Due: Tue 05/03/22 11:59 PM

**Filtering:**

Write code for computing Median, Arithmetic Mean, Geometric Mean, Adaptive Local Noise reduction and Adaptive Median filters. 
The input to your program is a 2D matrix.

  - Starter code available in directory Denoise/
      - \__init__(): Will intialize the required variable for filtering (image, filter_name, filter_size). There is no need to edit this function  
  - Denoise/Filtering.py: Edit the functions 'get_median_filter', 'get_arithmetic_mean', 'get_geometric_mean', 'get_local_noise', and 'get_adaptive_mean'. you are welcome to add more function.
  - For this part of the assignment, please implement your own code for all computations, do not use built-in functions, like "medianBlur", "MaxFilter", "numpy.pad" from PIL, opencv or other libraries - that directly accomplish the objective of the question.
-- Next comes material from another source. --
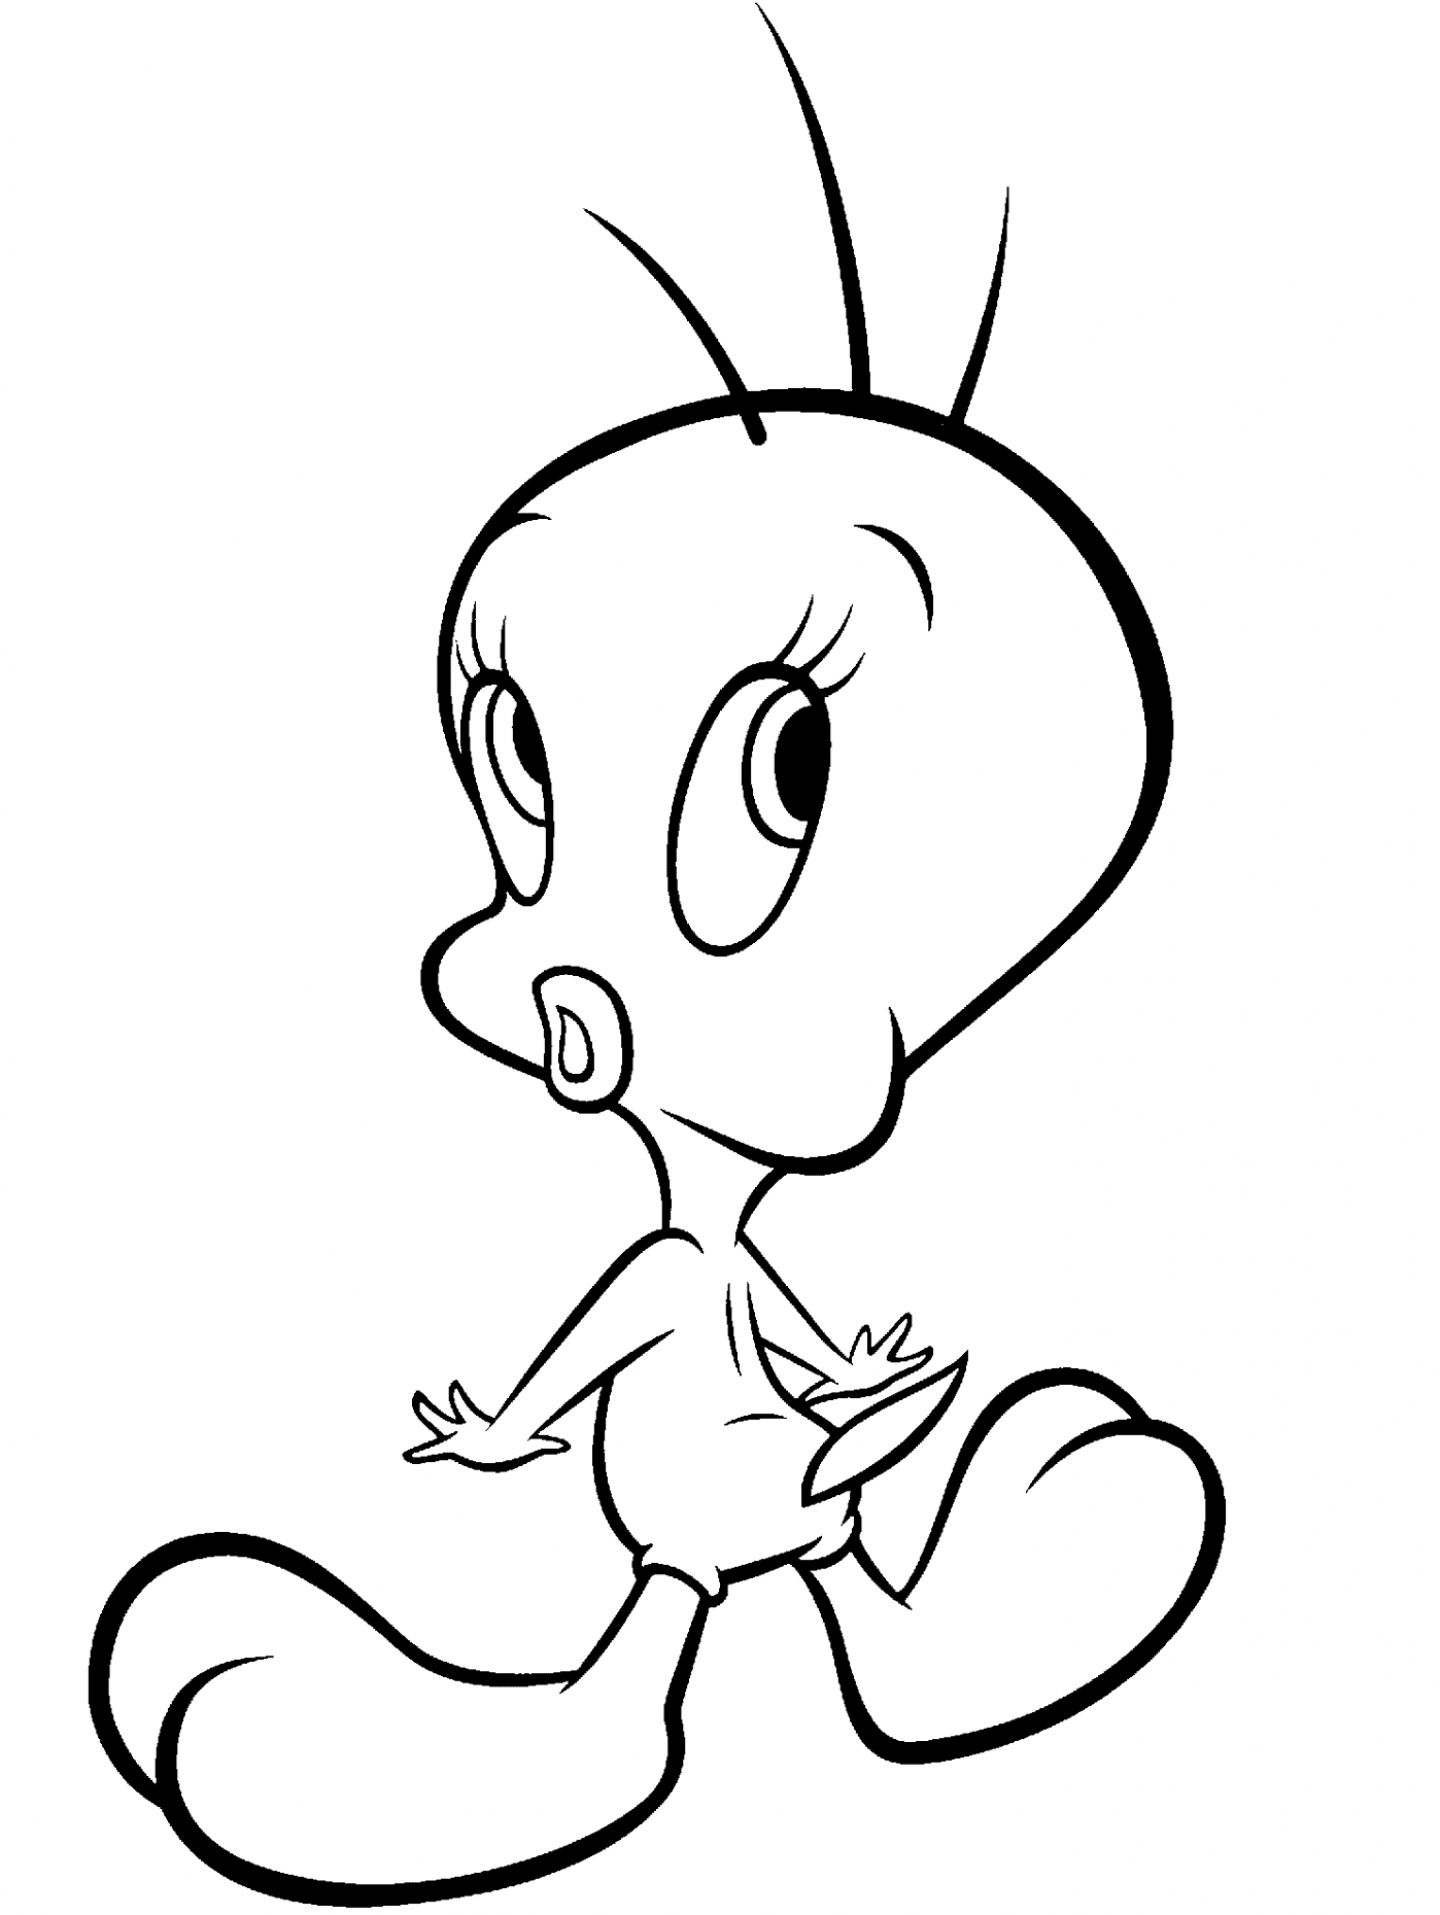 Tweety bird vector black and white clipart 2 image #18305

You can use any math (import math) related functions such as "prod", "pow" and "sum".
    You can also make use python builtin functions such as "sorted" for order statistic filters.   
  
filtering(): Write your code to perform image denoising/filtering here using the previous implemented filters. The steps can be used as a guideline for filtering. All the variable have already been initialized and can be used as self.image, self.filter_name, etc. The variable self.filter is a handle to each of the five filters functions. 
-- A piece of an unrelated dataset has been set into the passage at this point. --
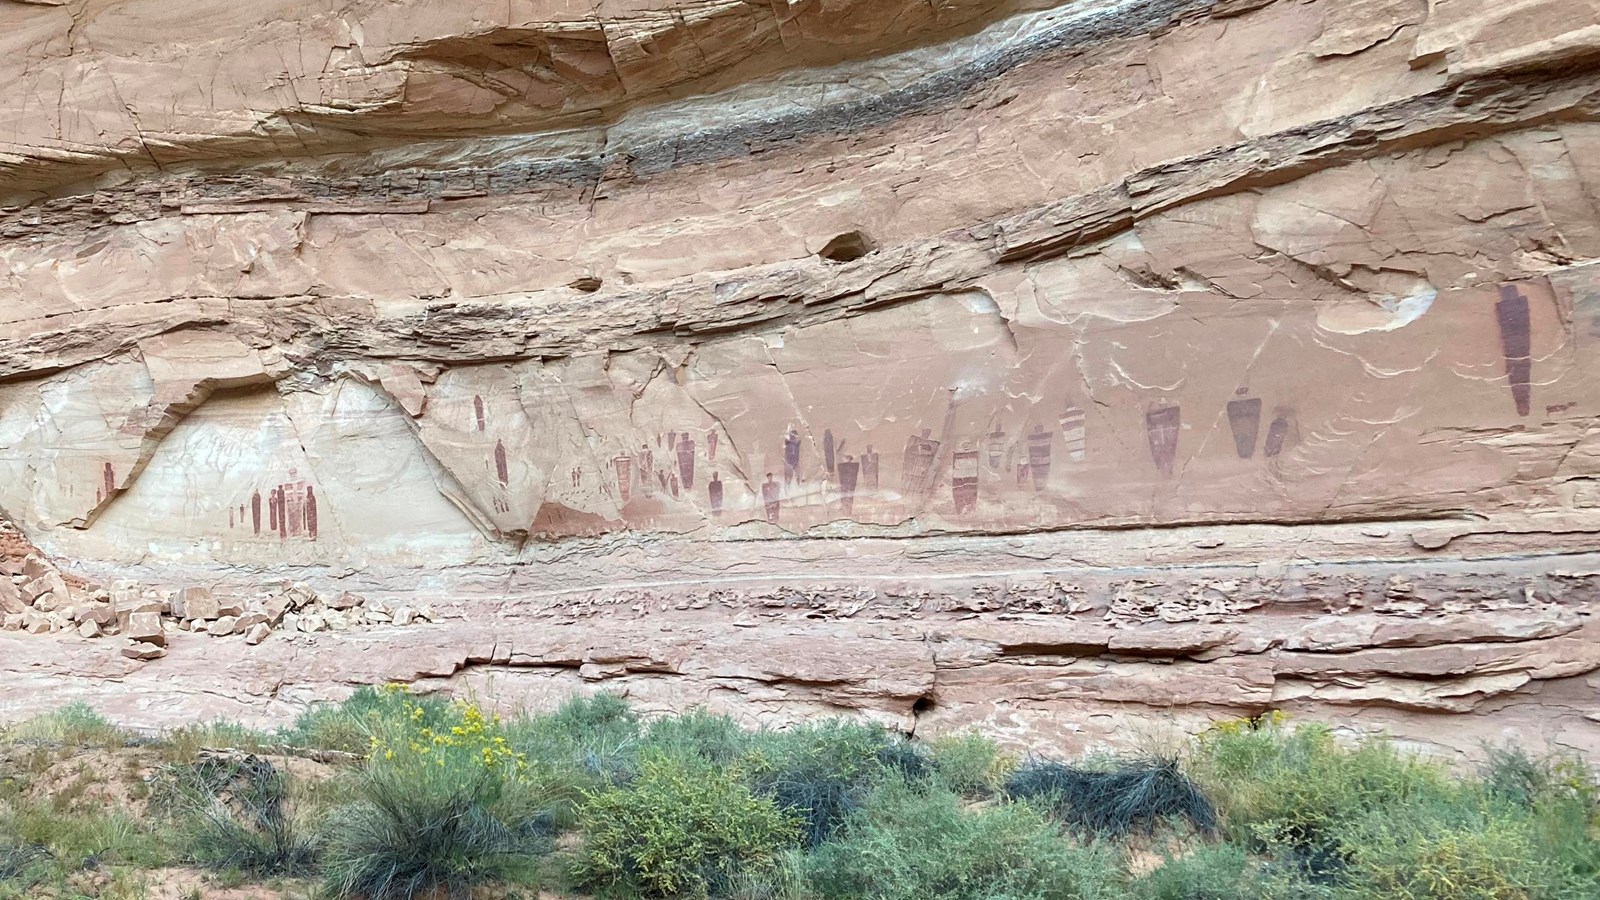 painted person-like figures in red and brown on a long sandstone wall

  - The function return the denoised image.
  - This part of the assignment can be run using dip_hw_filter.py (there is no need to edit this file)
  - Usage: 
  
        ./dip_hw_filter.py -i Lenna.png -f arithmetic_mean -n gaussian
        python dip_hw_filter.py -i Lenna.png -f arithmetic_mean -n gaussian
        
  - Please make sure your code runs when you run the above command from prompt/terminal
  - Any output images or files must be saved to "output/" folder (dip_hw_filter.py automatically does this)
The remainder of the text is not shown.